Here are some important ETL restrictions and best practices to remember when working with big datasets (10M+ rows) in Power BI:
ETL Restrictions:
Memory Restrictions: Both Power BI Desktop and Power BI Service have memory limits, and big datasets may result in crashes or sluggish performance.
Data Refresh Times: It can take a while to perform complete refreshes on large datasets.
Limitations of Query Folding: Complex Power Data may need to load completely into memory if query steps disrupt query folding.
Requirements for Incremental Refresh: Complete dataset refreshes are required without Premium or PPU licensing for incremental refreshes.
Model Size Restrictions: The maximum size of a Power BI dataset is 400 GB for Premium and 1 GB for Pro, depending on licensing.

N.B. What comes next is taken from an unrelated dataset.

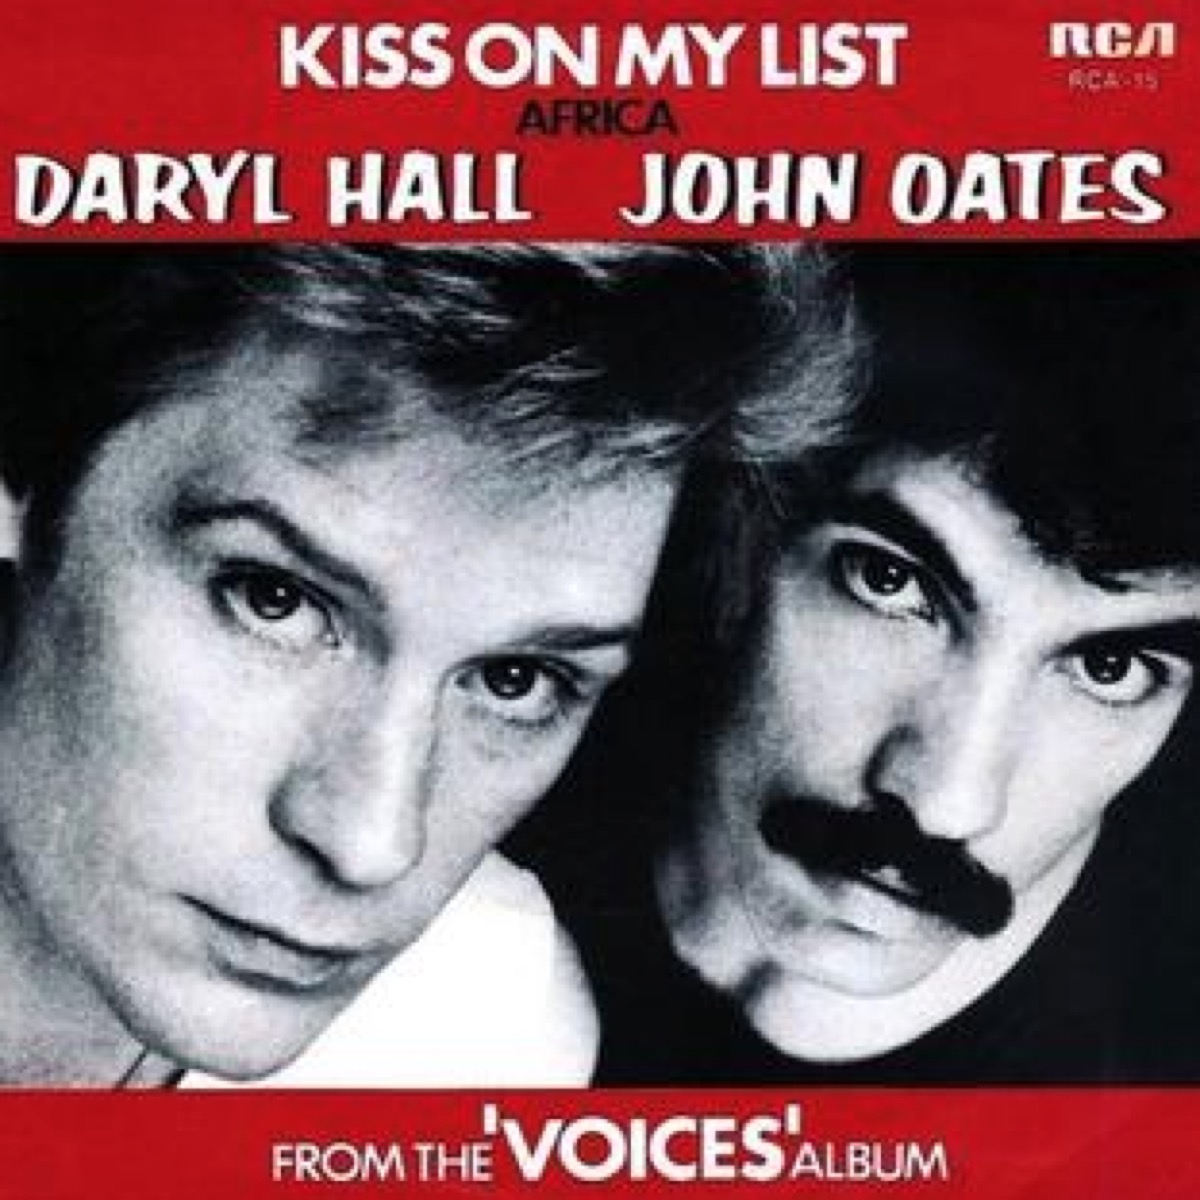 """kiss on my list"" song"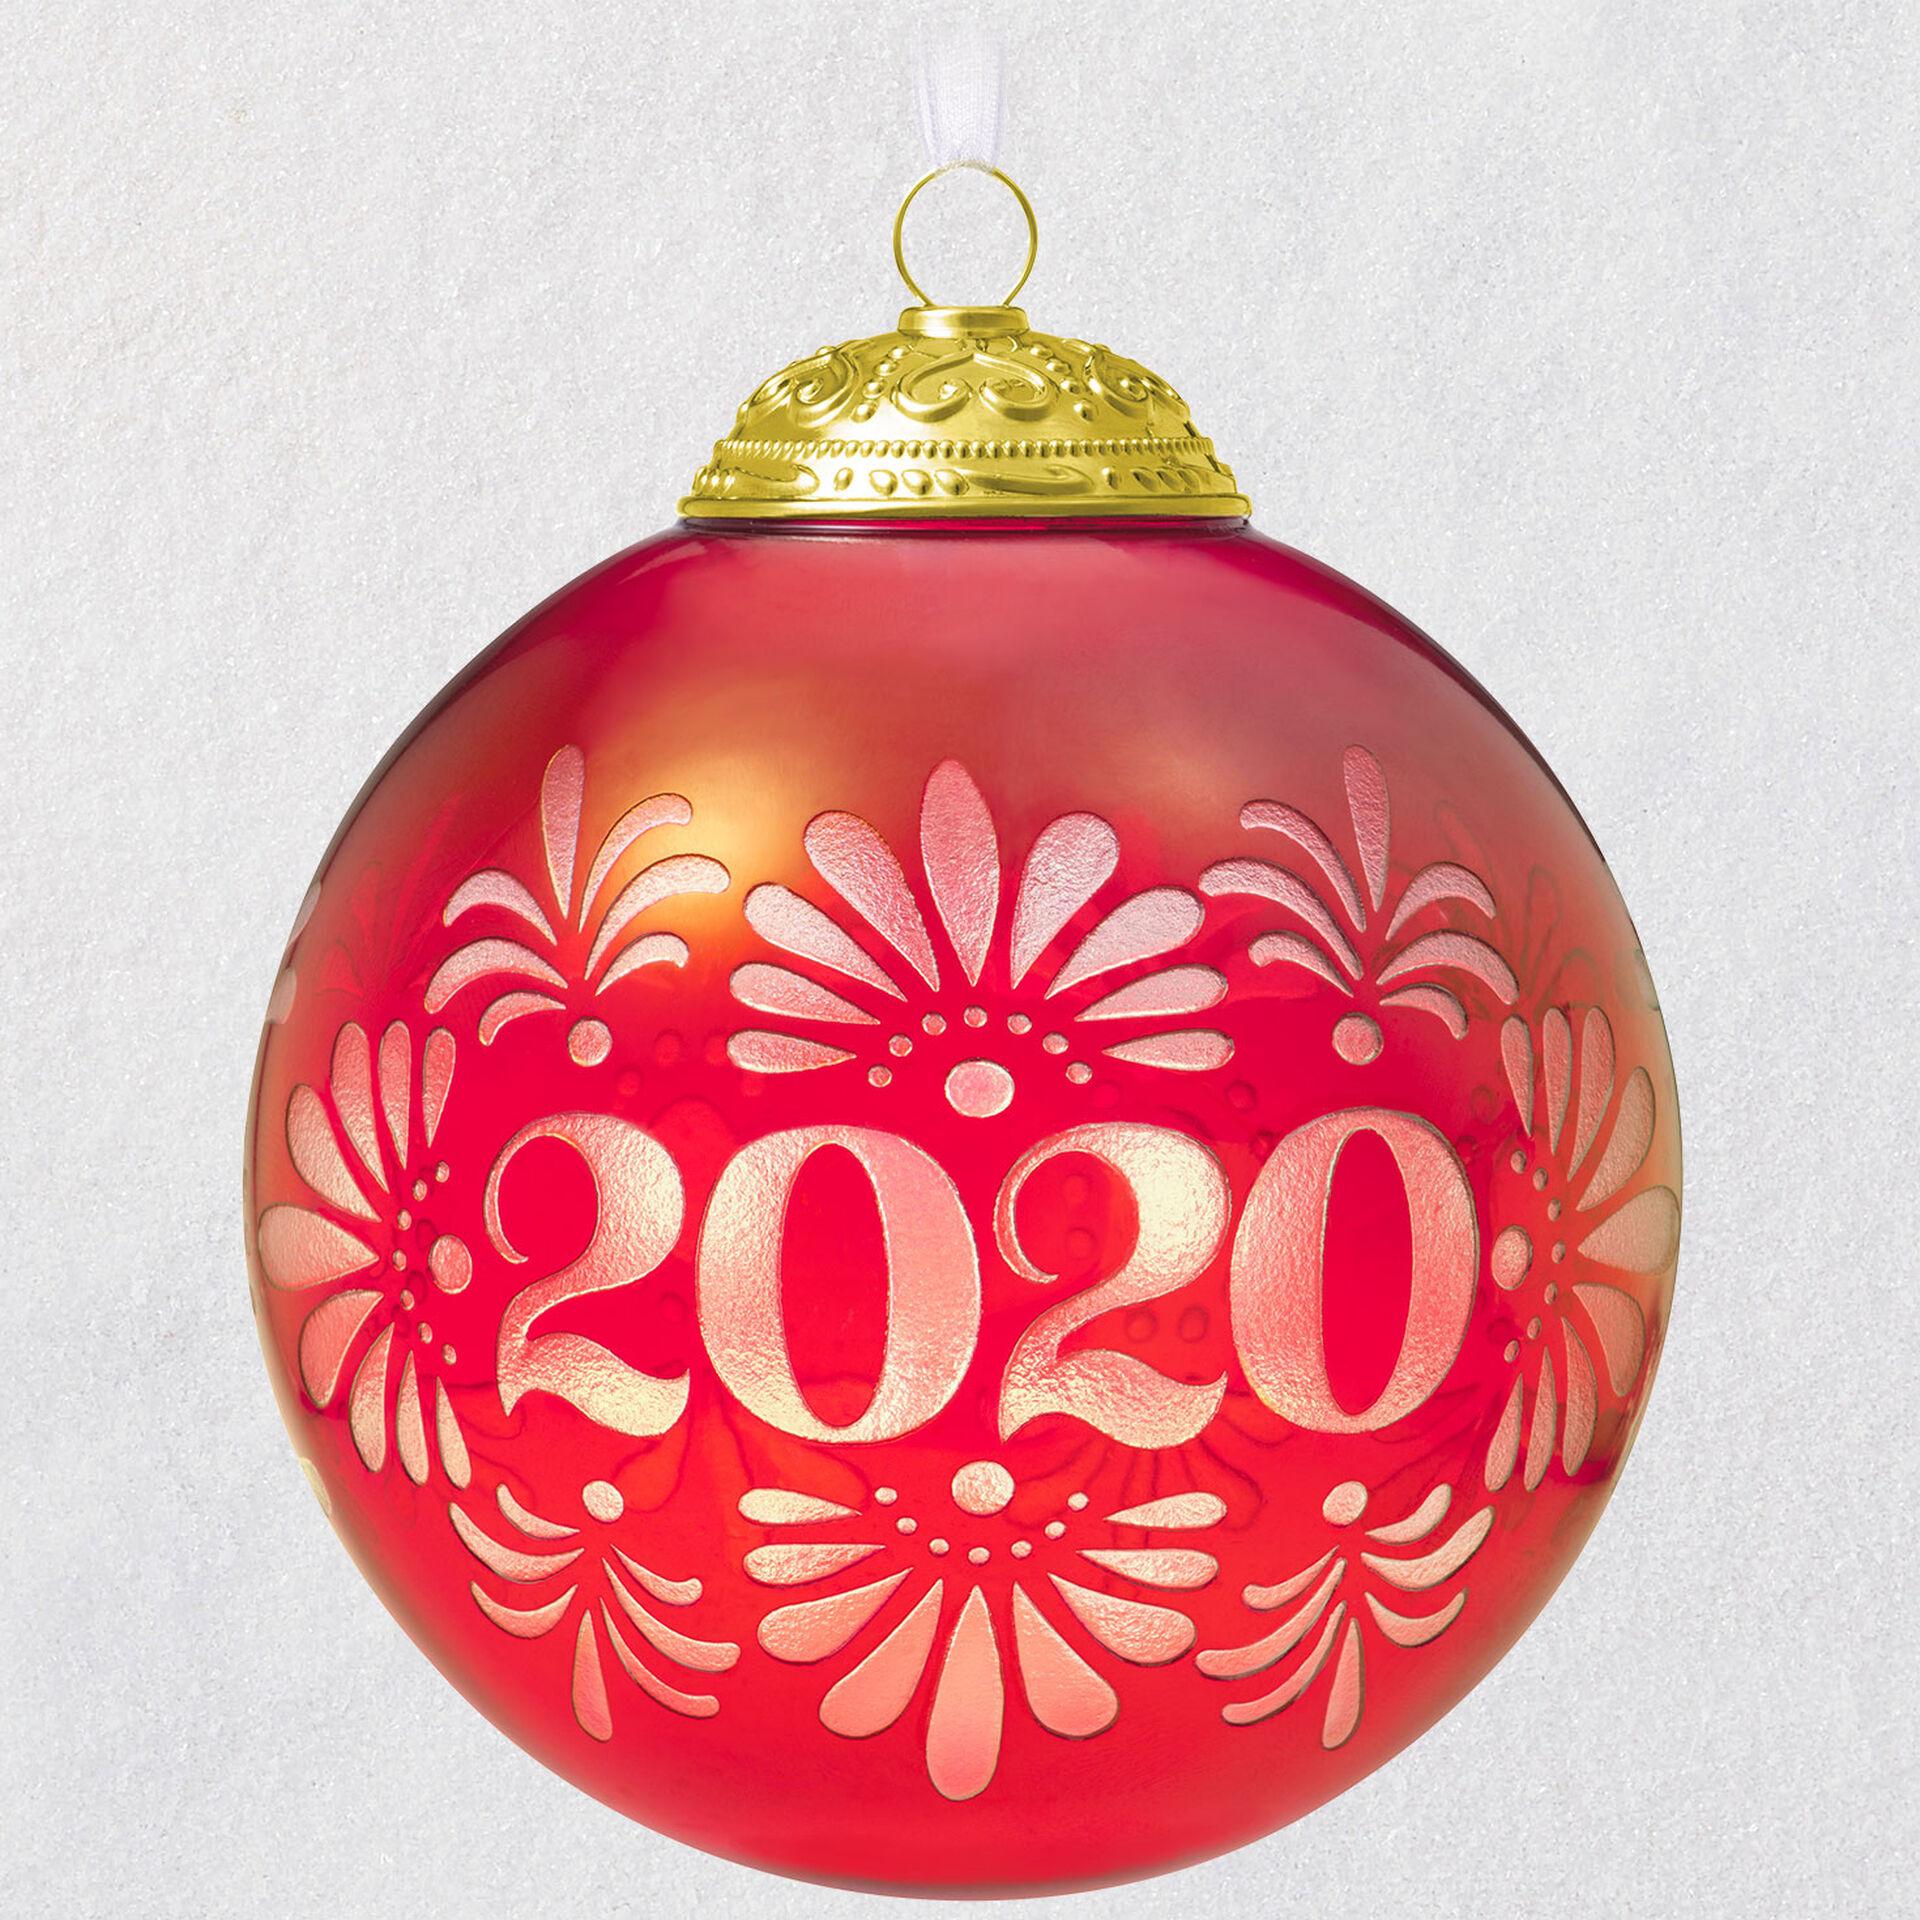 2020 christmas commemorative glass ball ornament keepsake ornaments hallmark 2020 christmas commemorative glass ball ornament

Transformation Complexity: Power Query's extensive transformations cause refresh times to lag and resource consumption to rise.
Top Techniques:
ETL Push to Source/SQL: Perform extensive filtering and transformations on the SQL views or source system.
Reduce refresh time by using incremental refresh, which loads only new or modified data.
Optimize the data model by using a star schema design, cutting down on cardinality and eliminating superfluous columns.
Steer clear of complicated calculations in Power Query: whenever feasible, perform calculations using DAX.
Monitor and Adjust: To find bottlenecks, use Query Diagnostics and Performance Analyzer.
Divide Big Tables: To effectively manage data volumes, use composite models or aggregations.